Emit a verbatim copy of the lines below from the line with "Cremespot Tigermotte Raupe" through the line with "Lego Star Wars", excluding pictures and everything outside that range.
EXERCISE MATERIAL START
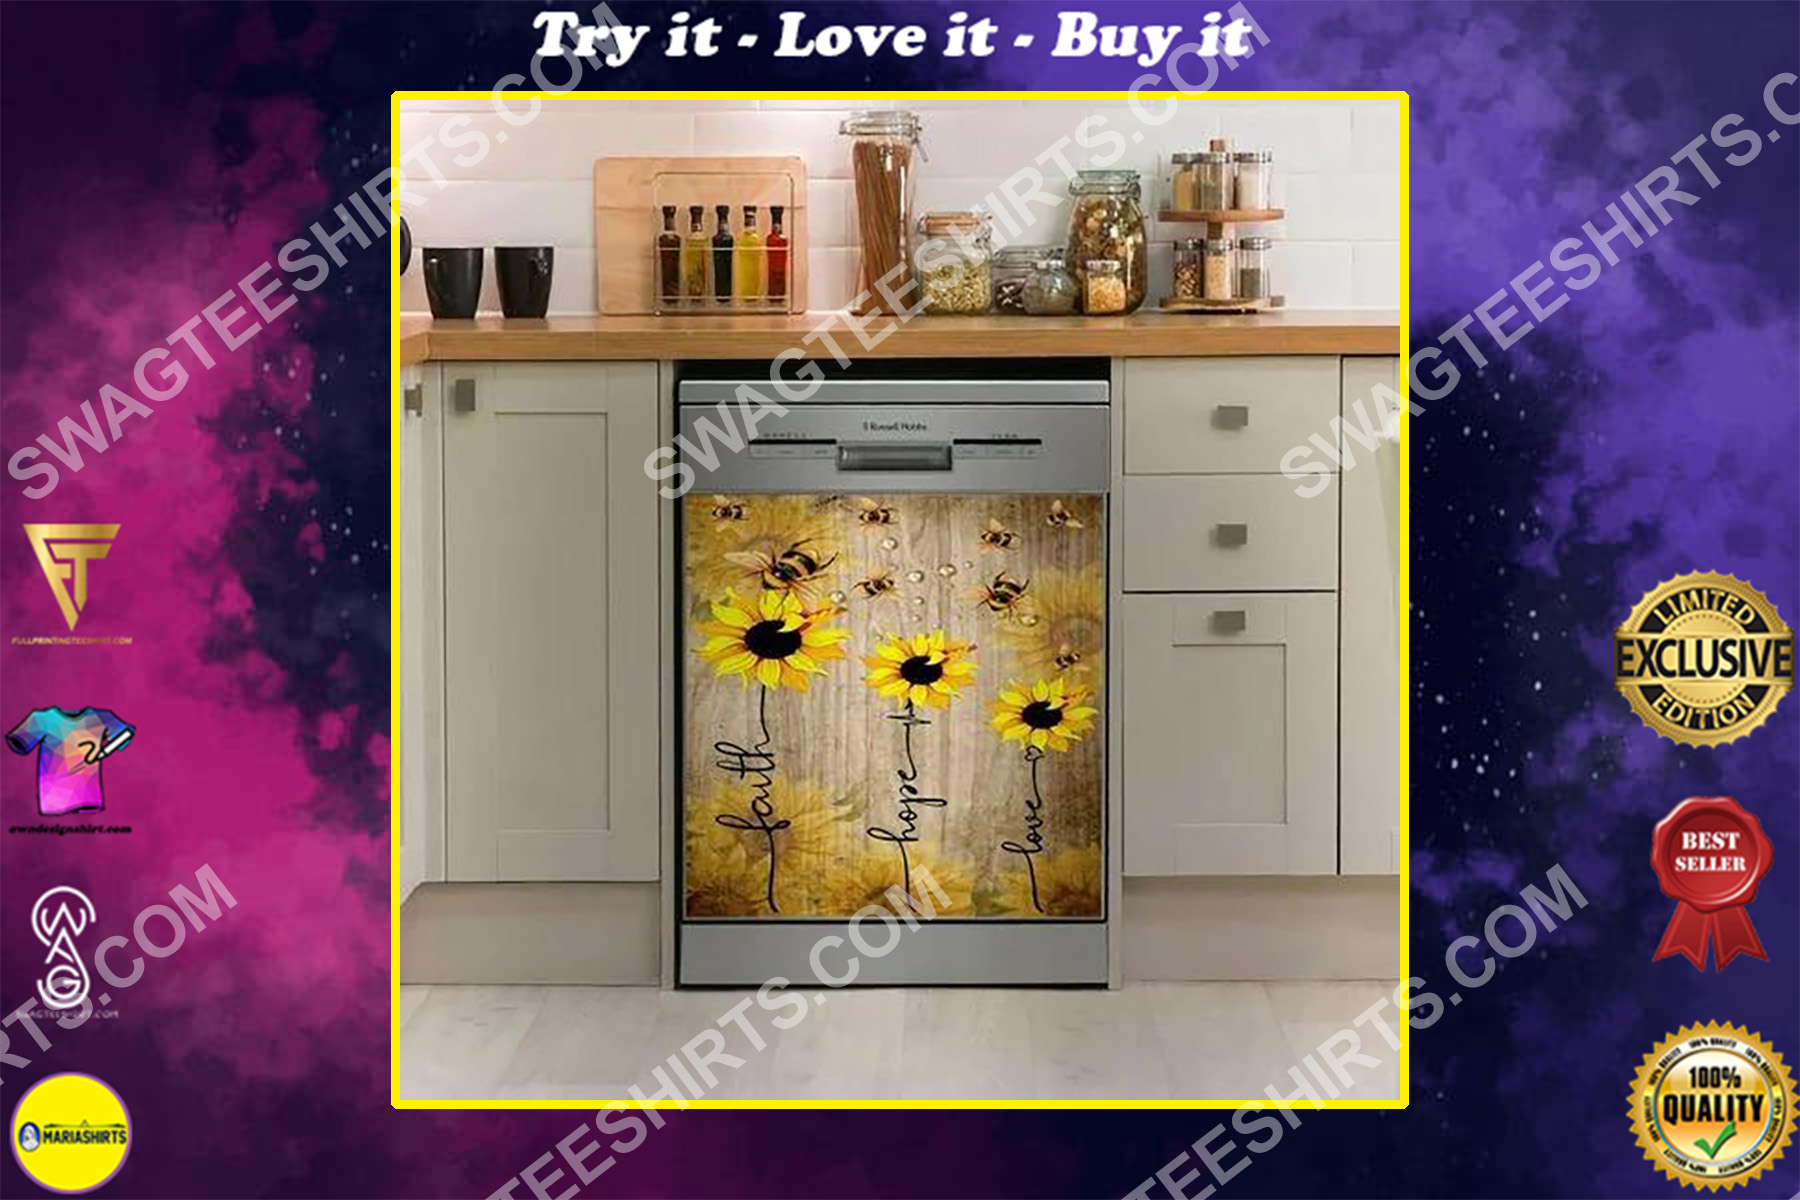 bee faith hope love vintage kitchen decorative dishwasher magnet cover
EXERCISE MATERIAL END
EXERCISE MATERIAL START
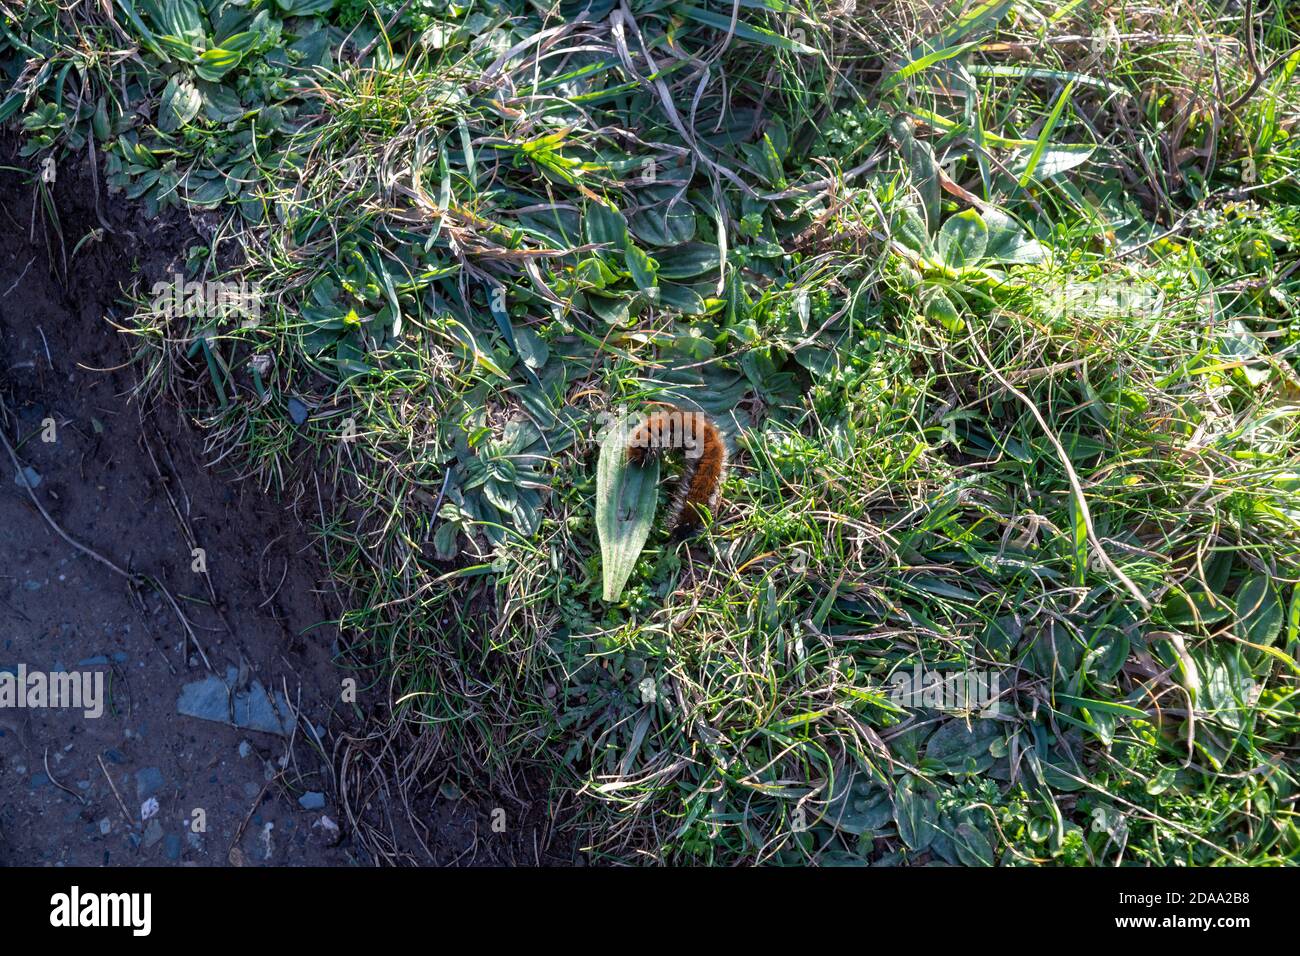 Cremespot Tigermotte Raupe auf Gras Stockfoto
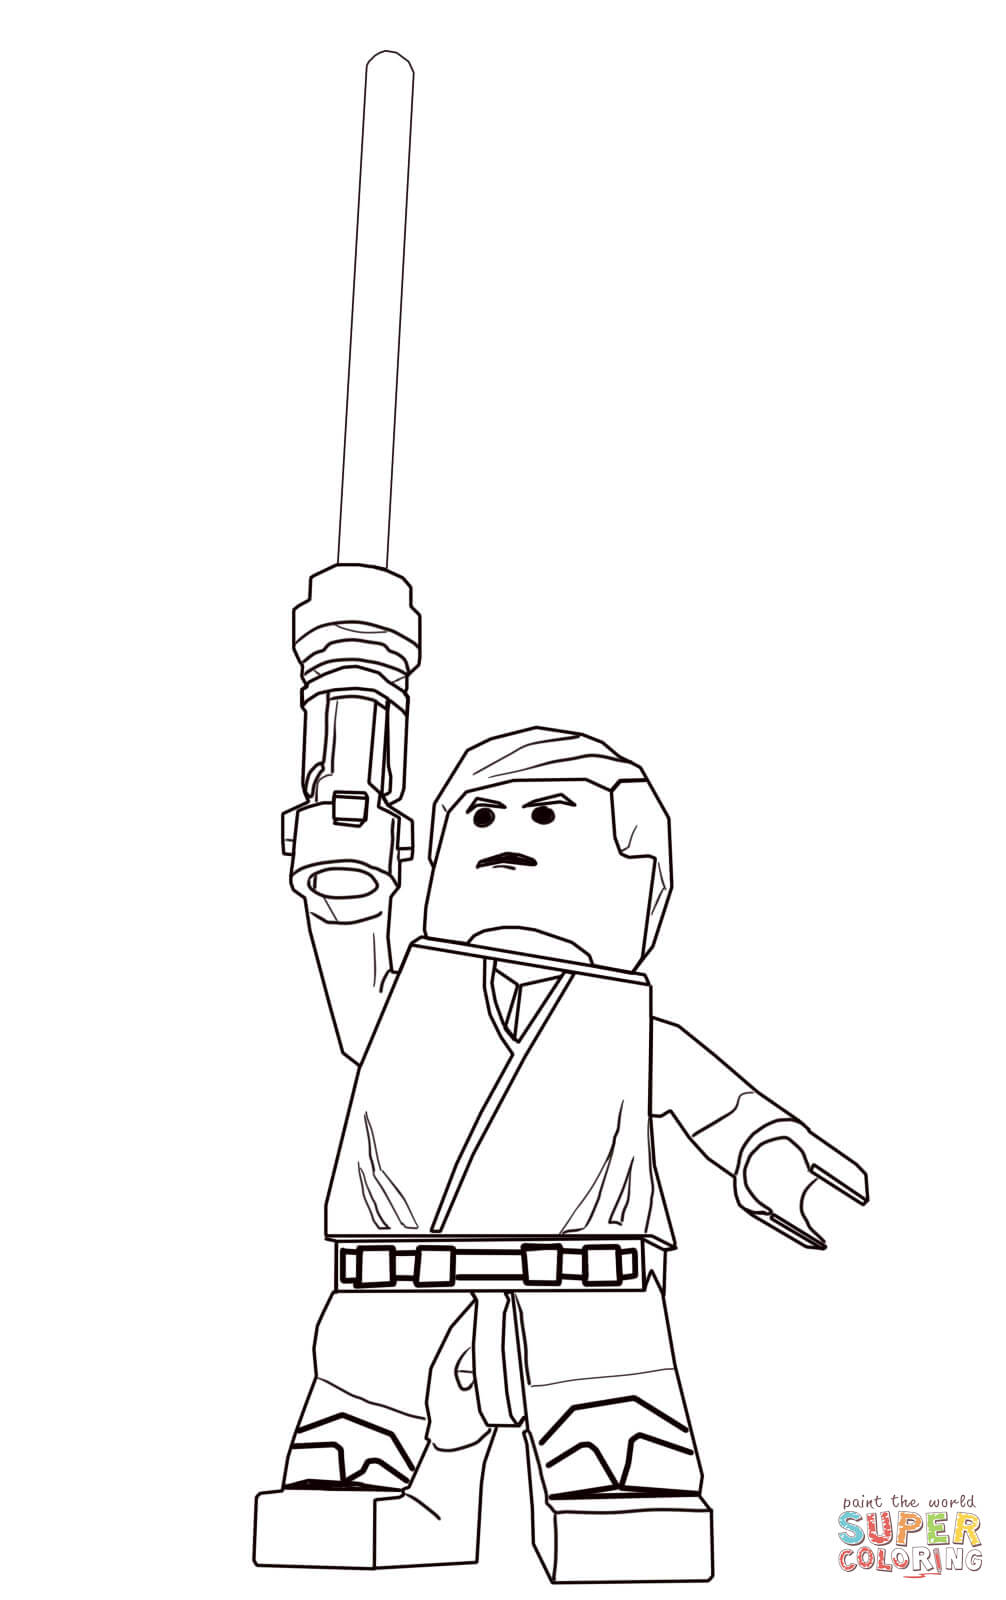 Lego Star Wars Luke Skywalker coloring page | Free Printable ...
EXERCISE MATERIAL END
YOUR SOLUTION –
 Cremespot Tigermotte Raupe auf Gras Stockfoto
 Lego Star Wars Luke Skywalker coloring page | Free Printable ...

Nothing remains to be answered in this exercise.